Probably not, and the example used for your conjecture shows why.
\xa0 is FM legacy hex code for dagger (†),
which is Unicode \u2020.
Unicode \u00a0 is non-breaking space,
whereas in legacy FM notation for that might be \x11
(and anything below \x20 is treated as Control, and may or may not map to a specific Unicode code point, or HTML named Entity on output).
Without having tested it extensively, my guess is that FM treats \x## notation as internal-only, and may* convert any that are displayable non-ASCII to Unicode on output.
There are a number of separate issues here, not all of which have obvious likely implementations.

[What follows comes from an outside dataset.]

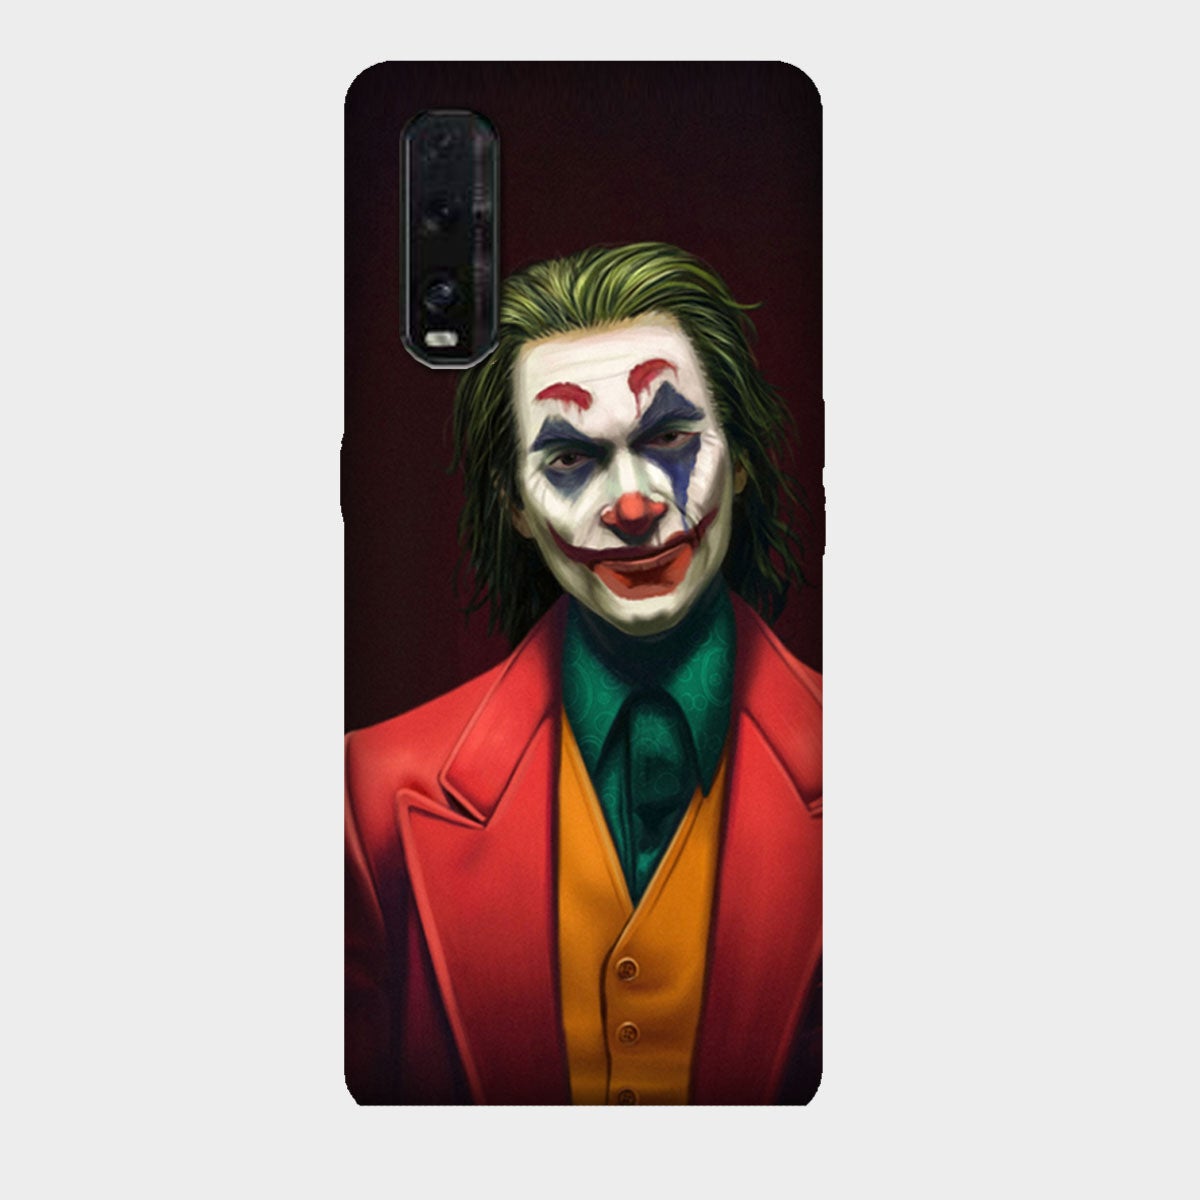 The Joker - Mobile Phone Cover - Hard Case

When opening a pre-FM8 file in FM8 or later, most non-ASCII "Standard" characters must be converted to Unicode, because few (perhaps none) of them have hex codes/ANSI numbers that match their Unicode code points.
If a codepage (overlay, non-Unicode) font had been applied, changing the hex code might be destructive. This font overlay might be triggered by the Paragraph Format, Character Format or local Font override.
If I were writing scripts for FM these days, I have goal of favoring Unicode, and avoiding hex codes, where possible. And it might not always be possible, as for many in the \x00-\x20 range, for example \x15 (non-breaking hyphen), which has no Unicode equivalent (that has to be implemented with CSS). Heck, I'm not even sure that \x11 (non-breaking space) gets rendered as \u00a0 and/or entity {ampersand}nbsp;
* I say "may" because it remains necessary in the Unicode age to use codepage fonts in some cases, such as where no Unicode font exists for the typeface, or the entire character set has no Unicode codepoints (yet, maybe ever).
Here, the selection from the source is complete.